INDIANAPOLIS (AP) - Two competing developers of drug-coated stents used to prop open coronary arteries after surgery said Tuesday they had settled a patent dispute and will team up in the emerging $3-billion-a-year market.
Guidant Corp. will assist Cordis Corp., a unit of Johnson & Johnson, to jointly promote Cordis' Cypher stent, speeding up Indianapolis-based Guidant's entry into a market in which it had been beaten by both Cordis and another rival, Boston Scientific Corp.
Cordis, meanwhile, will win access to Guidant's current and future technologies related to stents, including stent delivery systems. And Miami Lakes, Fla.-based Cordis will gain the right to join Guidant in its ongoing development of so-called bioabsorbable stents that are absorbed into the body. In September, Guidant announced a $35 million deal to acquire that technology.
The companies will both market and sell Cordis' Cypher stent, which each company covering its own marketing and sales expenses. The companies also will immediately start development and regulatory plans for a new Cypher stent.
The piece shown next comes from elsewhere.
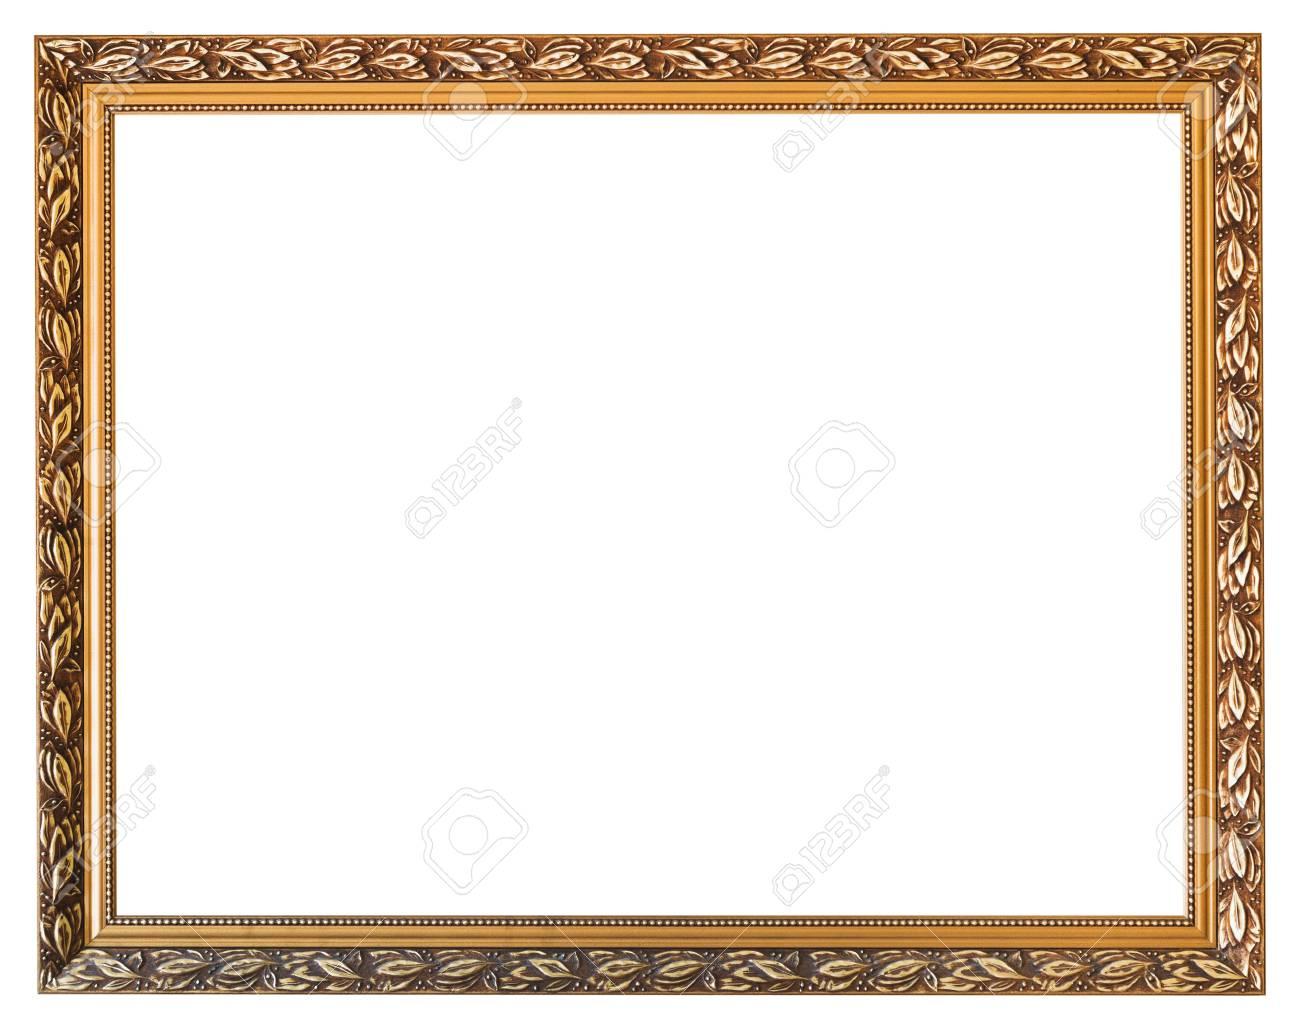 Geschnitzten Goldenen Bilderrahmen Aus Holz Mit Ausgeschnitten ...

Stents are tiny metal scaffolds inserted in a heart artery to keep it open after a blockage has been cleared.
The deal "grants Guidant immediate entry into the U.S. drug-eluting stent market, which is expected to grow to more than $3 billion by year-end," Guidant said in a prepared statement.
The agreement, announced before markets opened Tuesday, resolves patent litigation which led a private arbitration panel last August to require Guidant to pay $425 million to Cordis. The panel determined that Guidant's Multi-Link Duet Coronary Stent System infringed on a key Cordis patent covering stents that have a tiny balloon inside to inflate the stent once it has been moved into place.
Guidant has been a market leader in recent years in sales of bare-metal stents, but sales of those models are declining with the introduction of next-generation stents coated with slow-release drugs to prevent scar tissue from forming new blockages. Guidant's own project to develop such stent has run into delays.
Guy J. Lebeau, who oversees Cordis operations for New Brunswick-based J&J, said each company brings "important strengths and expertise" that will provide immediate and long-term benefits."
Guidant president Ronald W. Dollens said, "This partnership leverages Cordis' and Guidant's broad capabilities and innovative positions in this important market," he said.
The announcement comes four days after Guidant and Boston Scientific announced they had resolved patent disputes and reached a cross-licensing agreement for some products.